At 19 she had Charley. "I was much too young," she reflects, but doesn't want to elaborate on Charley's father or the relationship he has with their child.
"Charley knows all about my life. There were times when I behaved irresponsibly as a parent but we have a very close relationship and I hope that my experiences will show my kids that alcohol and drugs are not the way. "
She married film director Nick Love in 1998 after a four-year on/off relationship. The marriage only lasted five months, but she still talks of him fondly.
"I can see I was selfish and that neither of us was ready to put in the time and effort it takes to make a relationship work. Nick and I wanted different things. I wanted the perfect family and home, picket fence and all. Meanwhile, Nick was passionate about his career. And I was still in denial about my drinking and drug-taking."
When her relationship with Nick ended she became close to Richard, but that created a rift with her mother, who thought she was throwing herself into another relationship too soon. They didn't speak for five years.

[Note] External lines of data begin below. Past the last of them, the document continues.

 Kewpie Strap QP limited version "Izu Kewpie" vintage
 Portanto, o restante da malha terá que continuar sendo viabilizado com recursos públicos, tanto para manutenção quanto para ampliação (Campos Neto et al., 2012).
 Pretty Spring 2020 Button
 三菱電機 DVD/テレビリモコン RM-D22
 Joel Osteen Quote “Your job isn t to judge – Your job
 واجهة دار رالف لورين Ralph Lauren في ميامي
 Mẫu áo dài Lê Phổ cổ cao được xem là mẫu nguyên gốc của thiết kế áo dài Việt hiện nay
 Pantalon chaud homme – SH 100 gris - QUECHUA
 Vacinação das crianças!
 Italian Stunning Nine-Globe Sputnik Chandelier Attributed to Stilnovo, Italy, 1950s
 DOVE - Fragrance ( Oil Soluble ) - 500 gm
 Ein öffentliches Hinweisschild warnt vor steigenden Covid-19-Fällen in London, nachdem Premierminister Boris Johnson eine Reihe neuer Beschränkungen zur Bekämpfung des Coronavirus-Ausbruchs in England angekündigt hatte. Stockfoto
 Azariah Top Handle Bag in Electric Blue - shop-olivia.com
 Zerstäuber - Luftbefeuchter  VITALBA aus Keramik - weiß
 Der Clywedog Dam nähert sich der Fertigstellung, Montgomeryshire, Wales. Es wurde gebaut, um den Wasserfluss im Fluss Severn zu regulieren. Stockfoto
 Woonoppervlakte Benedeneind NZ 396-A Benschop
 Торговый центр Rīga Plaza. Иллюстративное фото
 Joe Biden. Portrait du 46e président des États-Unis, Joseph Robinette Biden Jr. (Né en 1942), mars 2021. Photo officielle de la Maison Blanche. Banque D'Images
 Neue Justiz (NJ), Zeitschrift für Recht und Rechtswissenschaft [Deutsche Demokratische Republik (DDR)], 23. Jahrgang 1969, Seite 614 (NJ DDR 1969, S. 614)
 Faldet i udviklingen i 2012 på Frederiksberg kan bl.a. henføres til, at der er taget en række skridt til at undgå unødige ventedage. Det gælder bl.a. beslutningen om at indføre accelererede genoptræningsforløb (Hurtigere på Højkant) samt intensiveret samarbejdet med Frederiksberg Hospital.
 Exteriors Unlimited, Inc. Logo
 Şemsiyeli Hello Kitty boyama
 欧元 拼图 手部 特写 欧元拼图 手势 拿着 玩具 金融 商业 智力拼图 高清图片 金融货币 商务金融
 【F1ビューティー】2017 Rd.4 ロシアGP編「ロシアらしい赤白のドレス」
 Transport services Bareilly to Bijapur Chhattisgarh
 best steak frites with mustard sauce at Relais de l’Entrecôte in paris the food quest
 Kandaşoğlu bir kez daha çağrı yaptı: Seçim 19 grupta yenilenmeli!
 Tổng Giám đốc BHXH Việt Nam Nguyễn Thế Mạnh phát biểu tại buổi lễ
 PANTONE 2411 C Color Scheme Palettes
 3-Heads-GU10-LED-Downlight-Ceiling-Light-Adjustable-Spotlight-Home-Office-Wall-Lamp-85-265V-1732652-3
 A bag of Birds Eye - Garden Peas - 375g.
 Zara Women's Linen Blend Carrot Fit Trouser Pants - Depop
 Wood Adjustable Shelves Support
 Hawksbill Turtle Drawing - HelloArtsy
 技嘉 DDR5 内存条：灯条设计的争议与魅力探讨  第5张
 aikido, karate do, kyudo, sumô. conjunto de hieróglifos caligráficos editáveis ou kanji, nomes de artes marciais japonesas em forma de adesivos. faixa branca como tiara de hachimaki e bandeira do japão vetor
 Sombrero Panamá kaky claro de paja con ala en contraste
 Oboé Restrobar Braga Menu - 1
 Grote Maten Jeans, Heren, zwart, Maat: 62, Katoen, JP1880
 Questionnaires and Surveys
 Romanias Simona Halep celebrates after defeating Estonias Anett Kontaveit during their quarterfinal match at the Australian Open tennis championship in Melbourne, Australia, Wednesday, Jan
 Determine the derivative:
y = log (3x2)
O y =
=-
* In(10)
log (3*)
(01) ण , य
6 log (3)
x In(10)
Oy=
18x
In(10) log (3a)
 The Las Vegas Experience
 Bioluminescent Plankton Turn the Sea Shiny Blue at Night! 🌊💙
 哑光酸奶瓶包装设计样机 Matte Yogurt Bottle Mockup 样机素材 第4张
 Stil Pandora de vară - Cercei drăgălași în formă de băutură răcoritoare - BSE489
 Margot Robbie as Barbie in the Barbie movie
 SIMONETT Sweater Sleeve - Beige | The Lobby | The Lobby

"We've got a far healthier relationship now," she says. "I relied too much on my mum in the early years. I'm a parent and I started to look at what it was all about. She was just being protective. I just went to see her - and that was it."
Today, she's less of a party girl, happy to do the school run, keep house and run her beauty business. She's been clean of drugs and alcohol since September 2004 and still goes to AA meetings regularly.
Has she been tempted off the wagon in that time?
"I do have certain thoughts and triggers which come into my head, but I have enough tools now and enough experience to get myself better. I still like to go out and enjoy myself, but now I have complete freedom. I could be in this room with everyone around me taking drugs and I'd sit here quite happily until I got bored and went home."
As for TV work, she'd rather act than be herself on screen, she says.
"I don't like reality TV," she says. "I've been asked to appear on all of them - the jungle, Celebrity Big Brother. But I think it's degrading. Why would you want to be filmed having a wash? I don't get it."
Offers are still coming in, but Patsy's more choosy now because she doesn't want to be away from the children for too long.
"I hope acting doesn't become a back seat in my life," she reflects. "But for the first time I know that life is about everything around me rather than everything revolving around me."
› All Of Me, by Patsy Palmer, is published by Hodder & Stoughton, priced £16.99.